What exactly do employees do there? For one thing, they try to minimize their generation of liquid waste by using a gun washer, mixing only a few ounces of paint per repair and recycling the liquid waste through their own solvent still. They’ve been at it so long that they’re on their second still; they wore the first one out. Head painter Mike Andres runs the shop’s 5-gallon-size recycler every day and says the second unit is better in every respect than the original still. It’s smaller in size, more durable and does a much better job of cooking out the solvent. And it leaves a hard puck of still bottom to be thrown away. They use the recycled solvent in the gun washer to clean spray guns, and when the solvent loses its clarity and won’t cut the paint film anymore, they have it hauled off site by a permitted hauler recommended by their paint jobber. The permitted hauler calls the shop once each month to schedule a pick up if needed. Because of the still and the careful mixing policy, the shop only has enough waste to qualify for pick up (30-gallon minimum) once every two months. This is a nice savings in waste-hauling fees and gun-washer solvent. (Recycling stills are highly recommended by the EPA as an excellent way to reduce liquid waste and save the body shop money.)

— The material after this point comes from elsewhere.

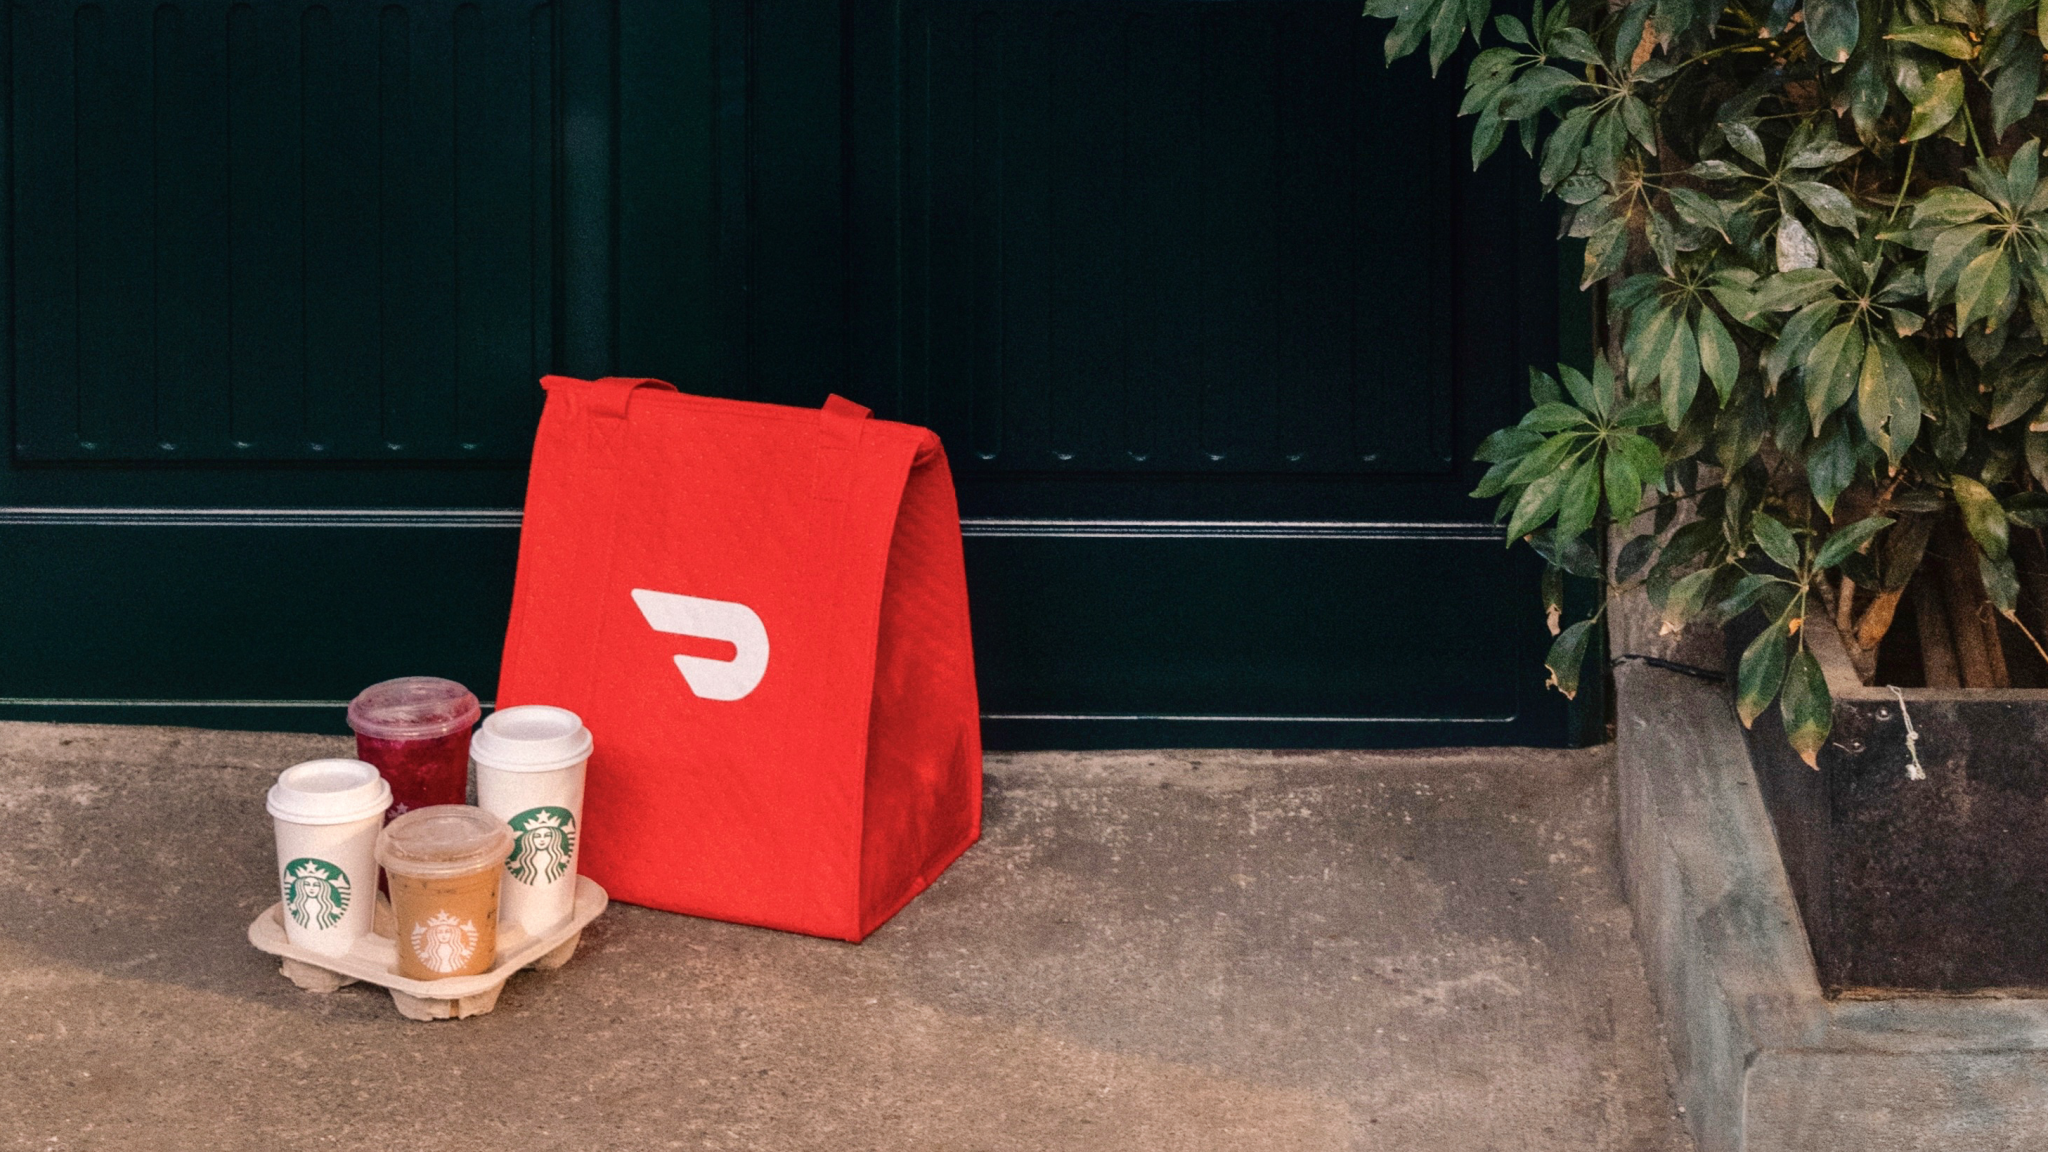 DoorDash Adds Best Buy as First National Consumer Electronics

Schmidt and Andres agree that their current paint products (which comply with the Bay Area Rule 42) are much more user friendly than earlier compliant coatings and, as such, help them to create less waste. The rest of the country must soon switch over to lower-VOC-compliant coatings based on the new National Rule, and the good news is that the research on the less-than-friendly low-VOC products has already been done by California painters. The compliant products available today do a great job repairing vehicles, keeping the environment cleaner and maintaining user friendliness.
Another thing Schmidt’s does to stay in compliance: Whenever Schmidt adds a new product to his inventory, he gets a current MSDS from his jobber and adds it into his MSDS binder, which is kept in the office. Much to his credit, Schmidt also has a monthly shop-safety meeting. At these meetings, he covers any new products and health hazards that may be associated with them. During these meetings, employees have been informed of their right to know and been fit tested for respirators. Schmidt has the employees sign off that they were exposed to the information, and he also uses an Employee Training Manual that sets out his shop’s policies on everything from soup to nuts, with a heavy emphasis on safety. Employees also sign off that they’ve read and understood the information in the manual.
"When this all started 15 years ago, I knew I had to follow what was required, but the new rules didn’t make much sense. Looking back on it now, it all makes good sense," says Schmidt, adding that he’s confident his shop is compliant and his employees are as safe as he can make them. There were a bunch of hoops to jump through, he says, but none he couldn’t handle. He sees today that they were all for a good purpose and that none of them crippled his ability to repair cars professionally.
Take a similar tack in your own shop. All those pesky rules were written with good intentions, so try to comply in the same spirit.